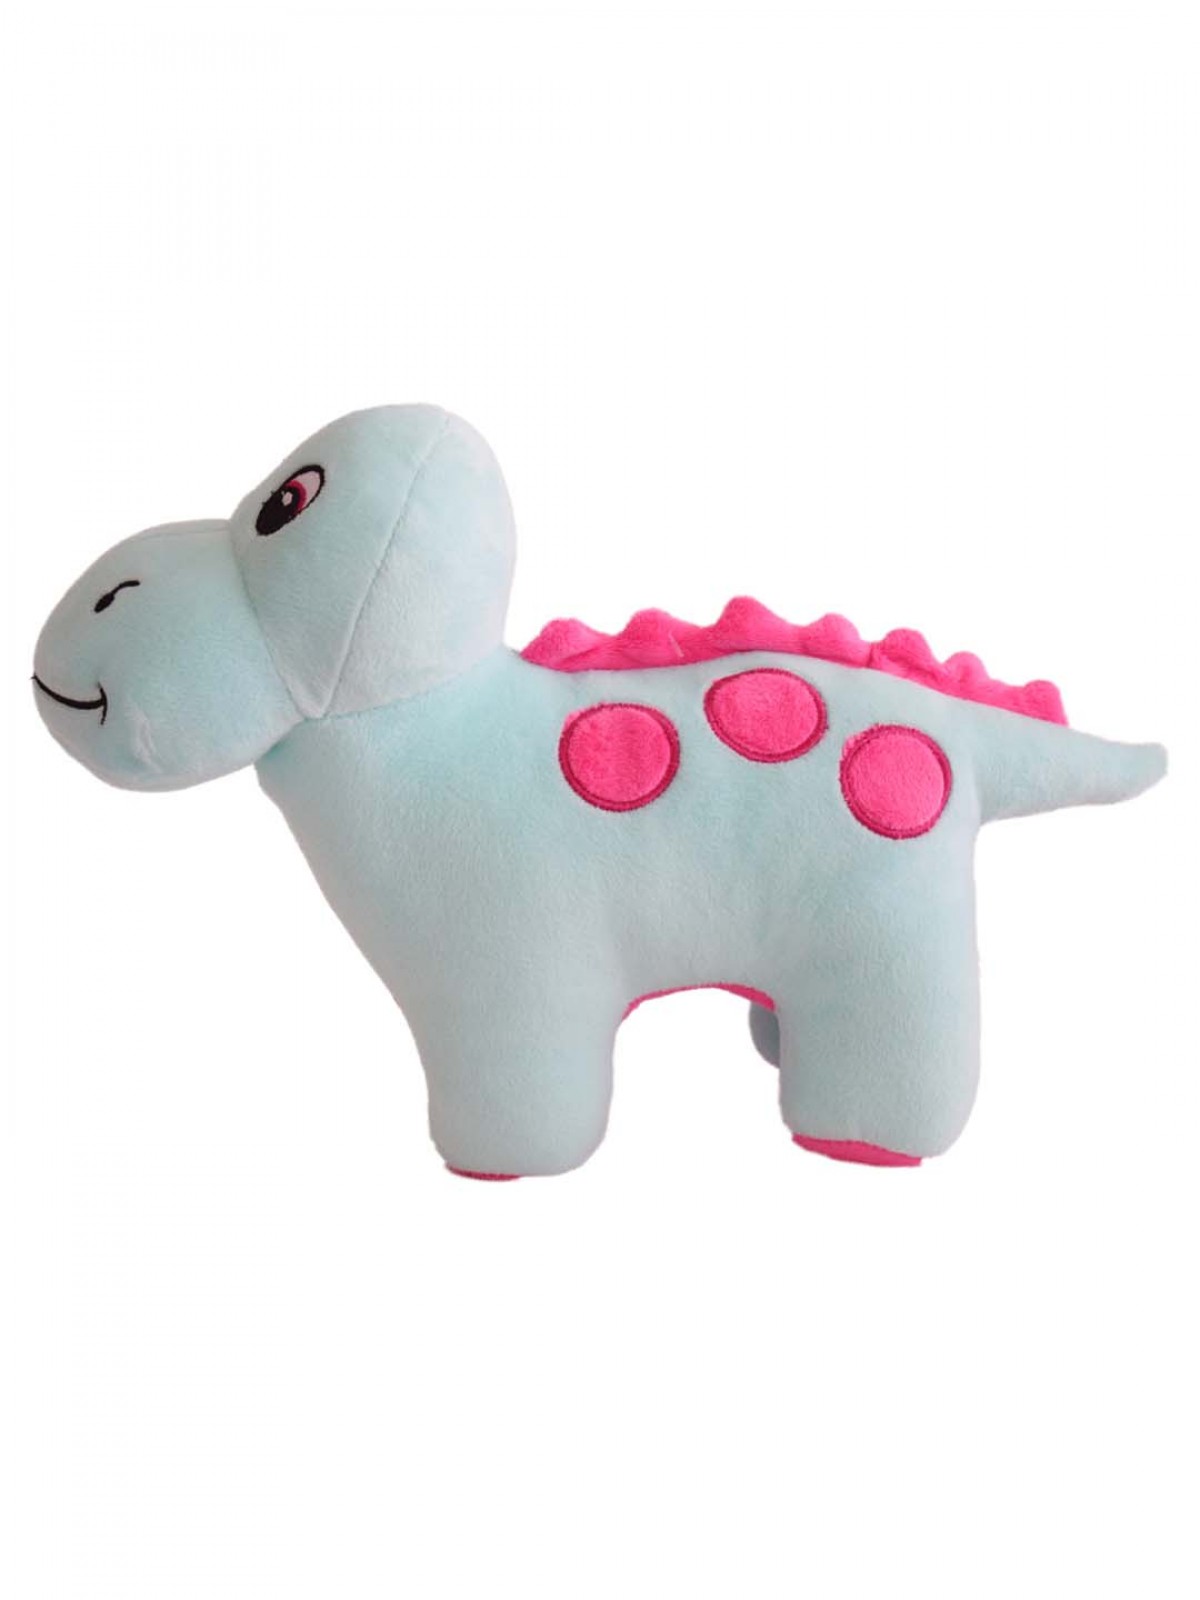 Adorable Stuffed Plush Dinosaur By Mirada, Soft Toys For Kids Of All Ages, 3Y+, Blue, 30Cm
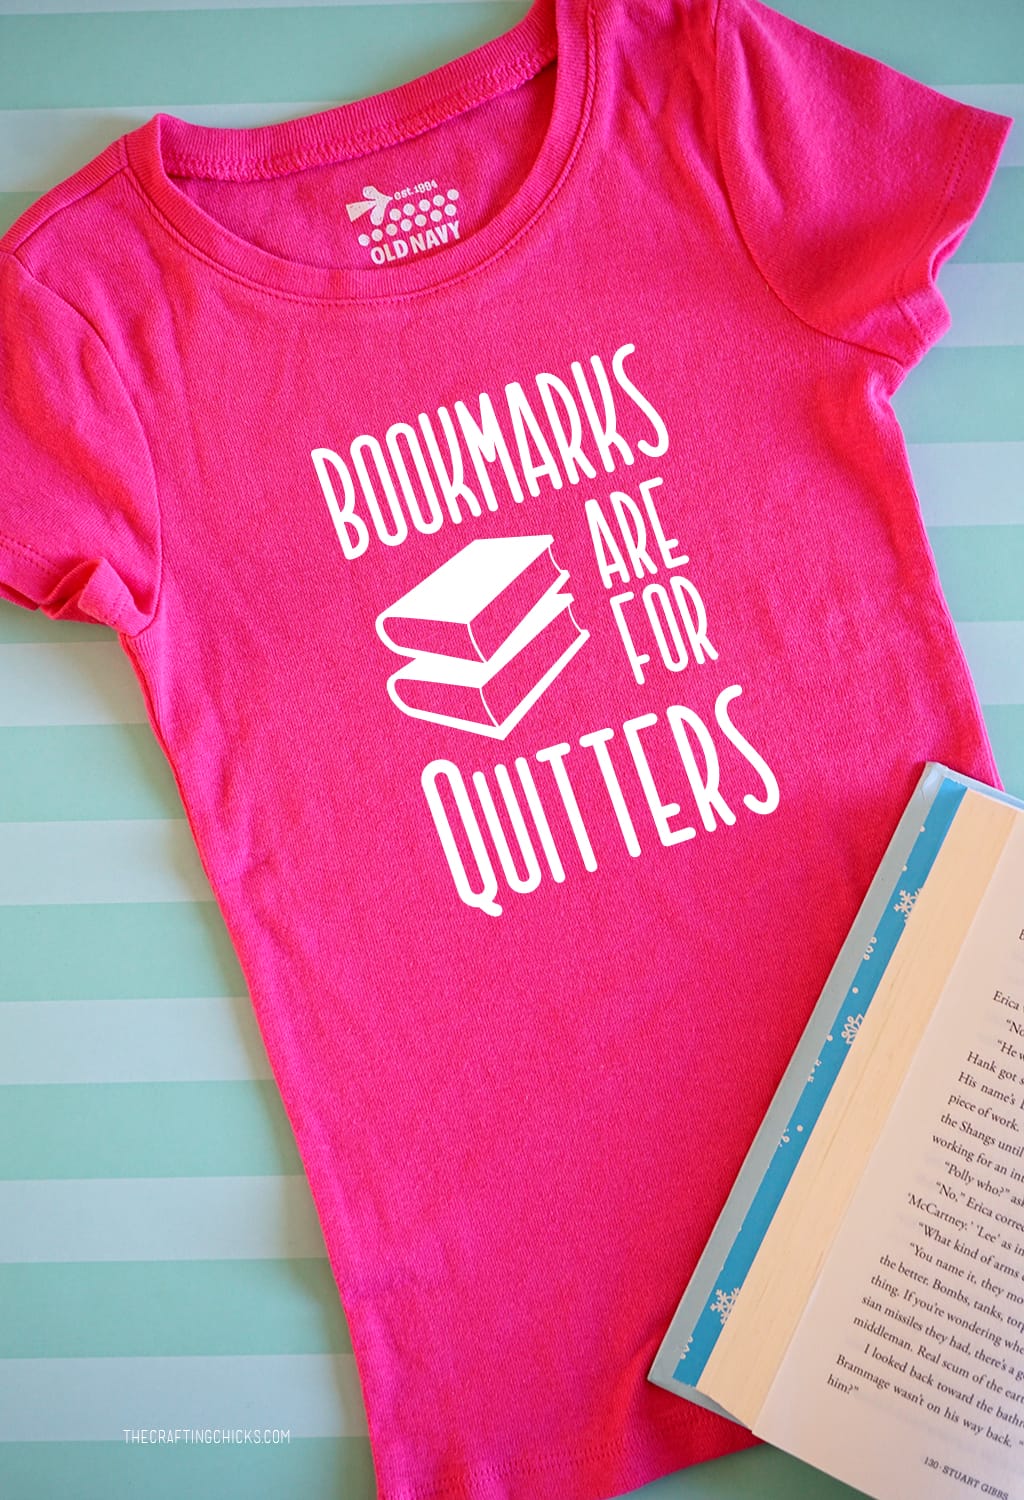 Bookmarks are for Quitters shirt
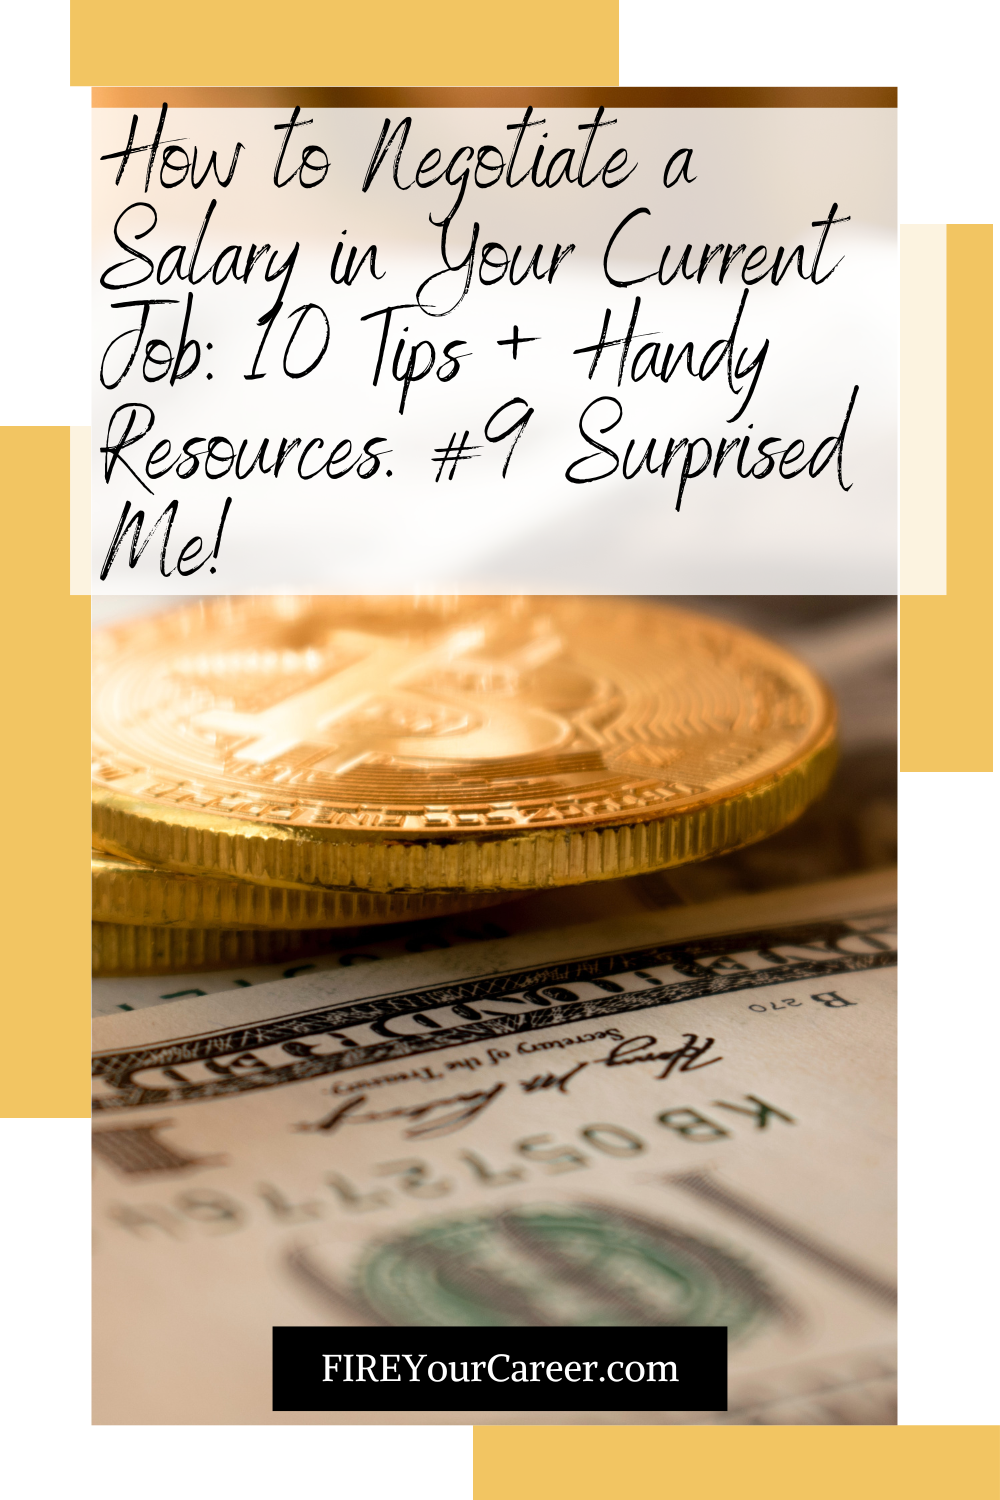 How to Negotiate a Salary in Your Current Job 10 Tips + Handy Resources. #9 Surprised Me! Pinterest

→ **WORK INSTRUCTION**: Give back all of the data exactly, but not the pictures.

→ **RESPONSE AREA**:
 Adorable Stuffed Plush Dinosaur By Mirada, Soft Toys For Kids Of All Ages, 3Y+, Blue, 30Cm
 Bookmarks are for Quitters shirt
 How to Negotiate a Salary in Your Current Job 10 Tips + Handy Resources. #9 Surprised Me! Pinterest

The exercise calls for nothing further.